Exercise prompt: Transcribe everything in the listing as written, and let no image into the copy.

Provided data:
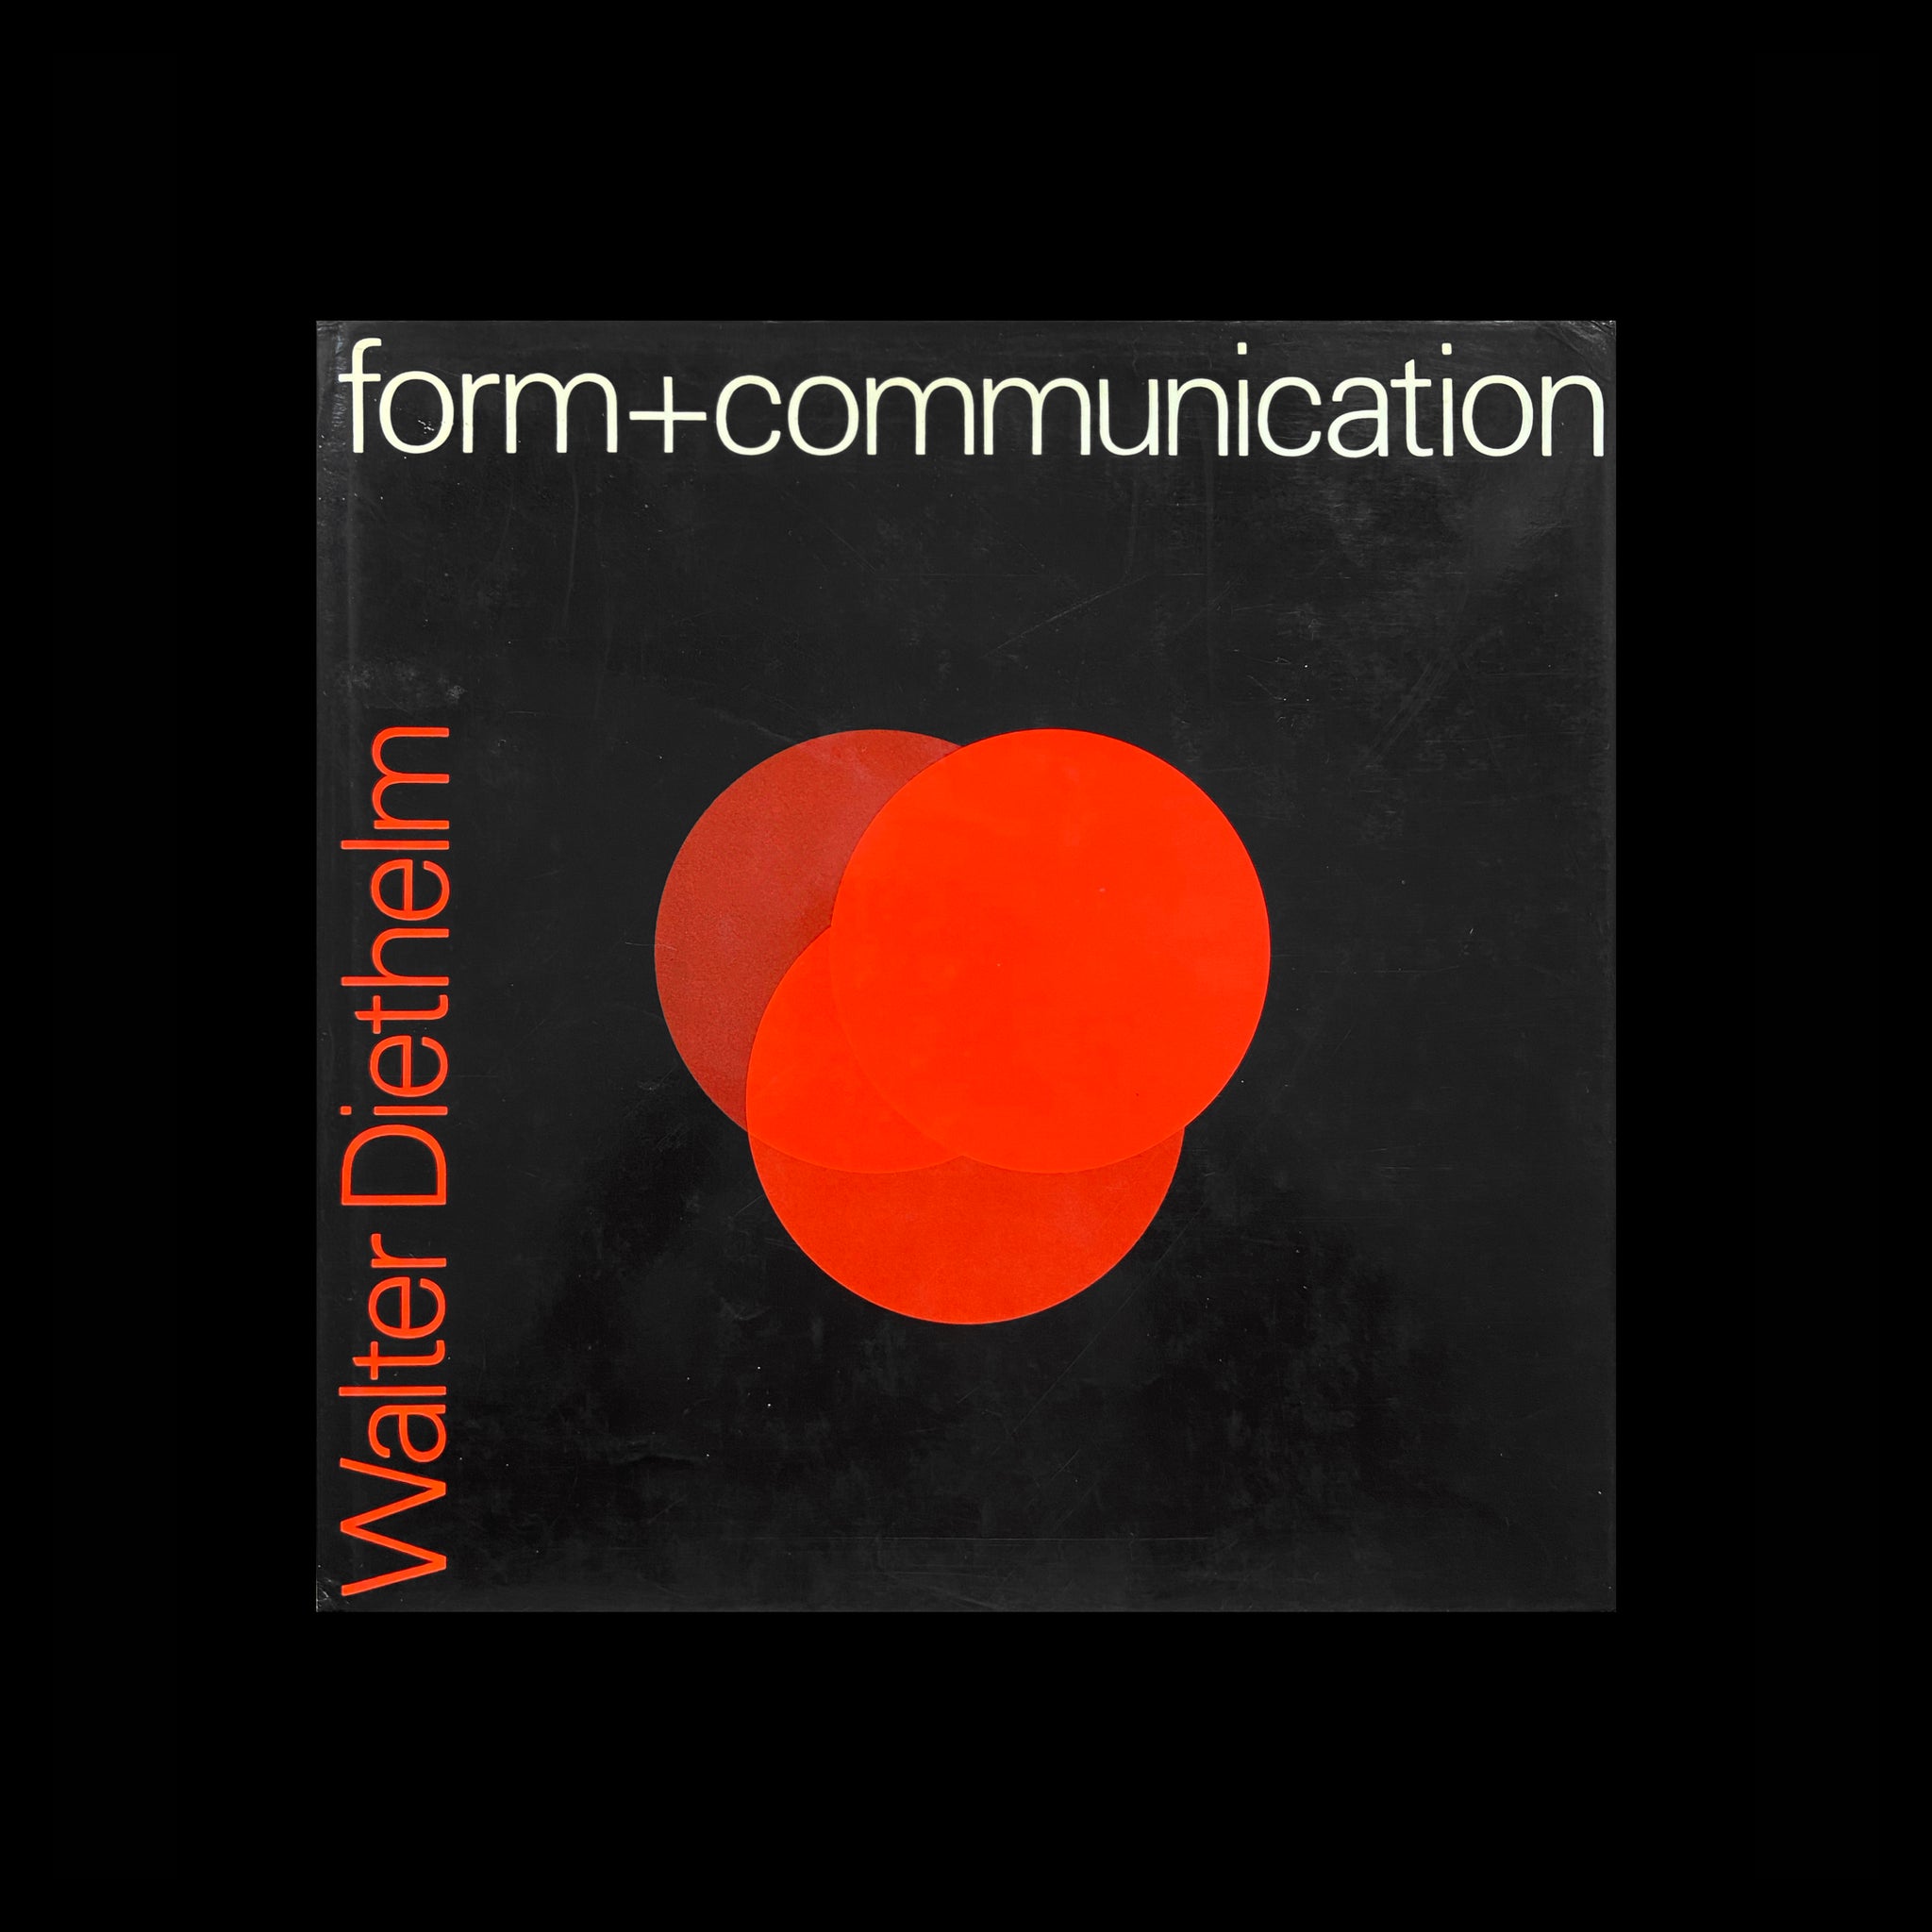 Form + Communication by Walter Diethelm, 1972
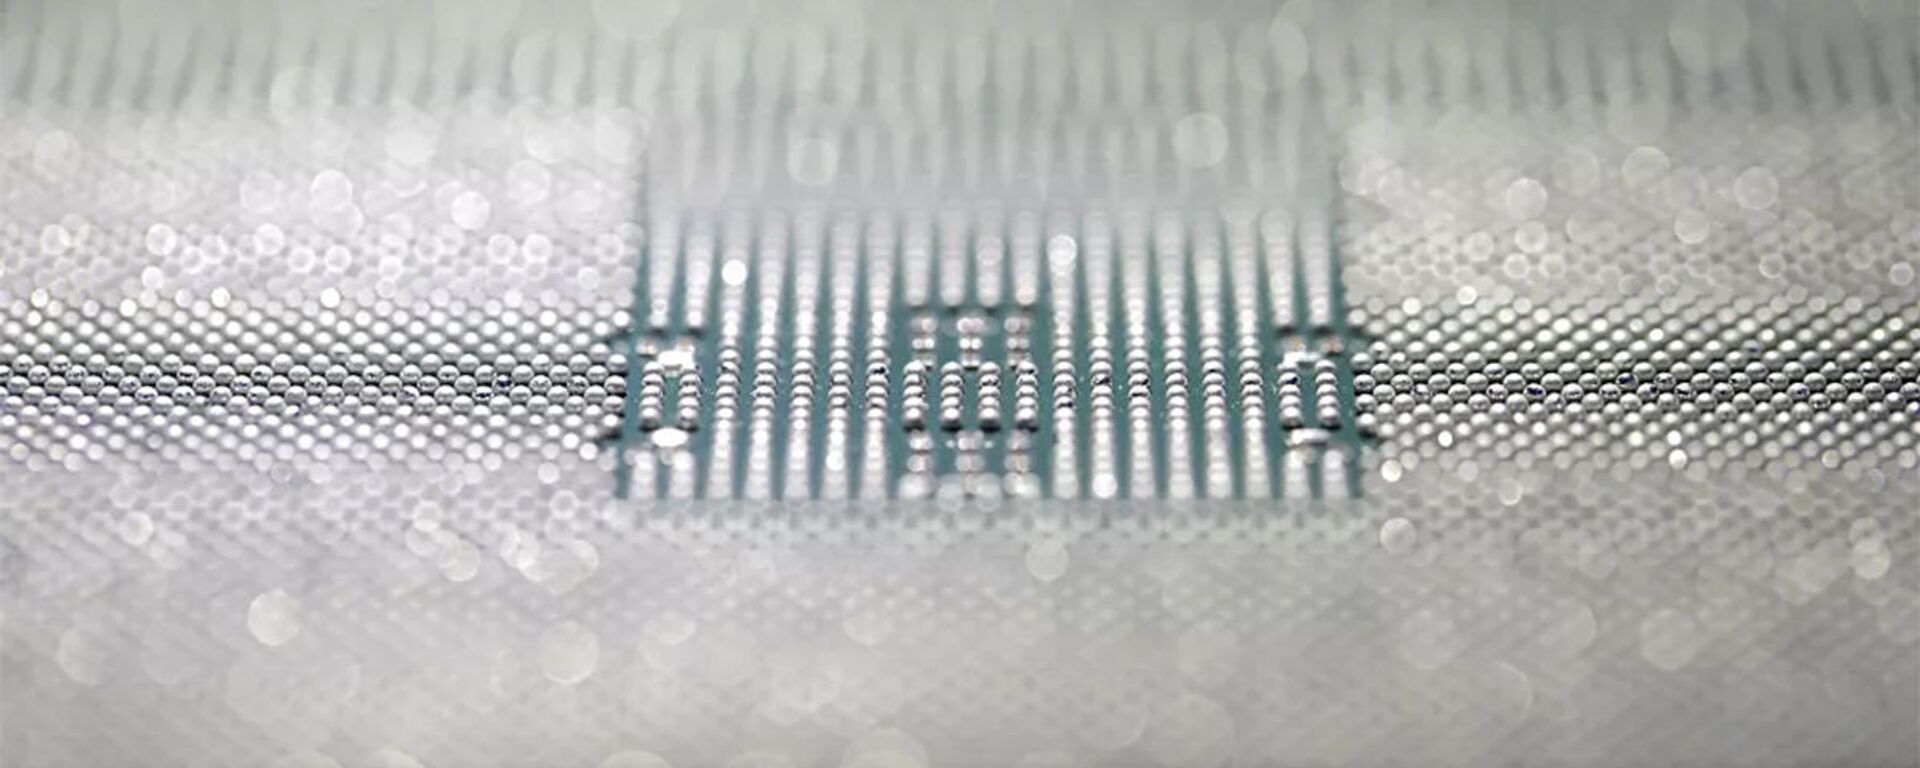 A Kunpeng 920 chip is displayed during an unveiling ceremony in Shenzhen, China, Monday, Jan. 7, 2019. Chinese telecom giant Huawei unveiled a processor chip for data centers and cloud computing as it expands into an emerging global market despite Western warnings the company might be a security risk.  - 俄羅斯衛星通訊社, 1920, 21.06.2021
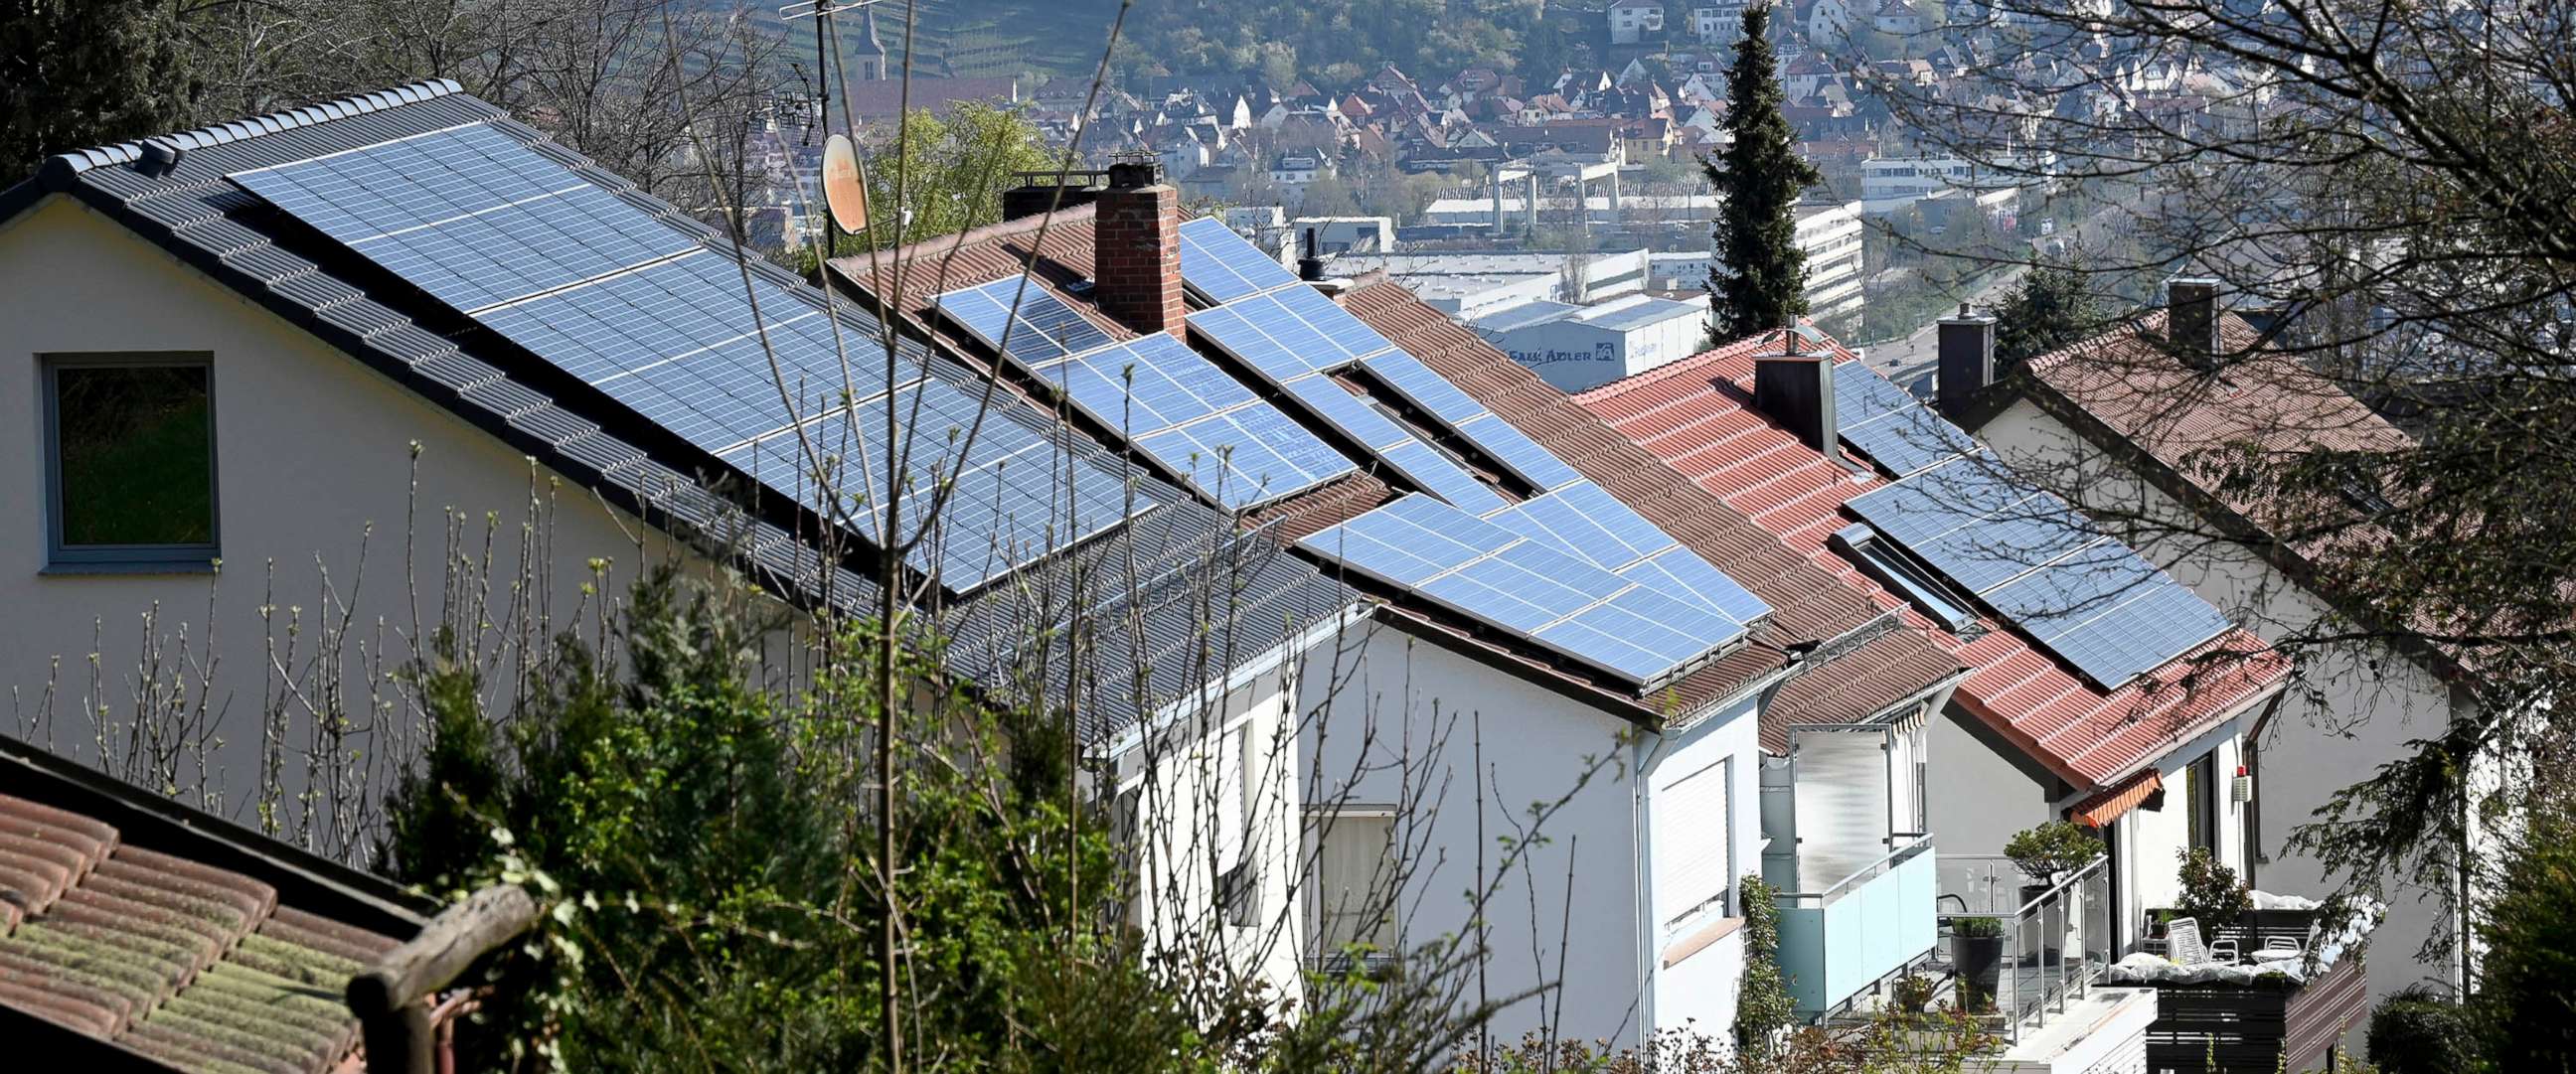 PHOTO: Solar panels are installed on the roofs of houses in Stuttgart, Germany, April 14, 2021.

Reply:
 Form + Communication by Walter Diethelm, 1972
 A Kunpeng 920 chip is displayed during an unveiling ceremony in Shenzhen, China, Monday, Jan. 7, 2019. Chinese telecom giant Huawei unveiled a processor chip for data centers and cloud computing as it expands into an emerging global market despite Western warnings the company might be a security risk.  - 俄羅斯衛星通訊社, 1920, 21.06.2021
 PHOTO: Solar panels are installed on the roofs of houses in Stuttgart, Germany, April 14, 2021.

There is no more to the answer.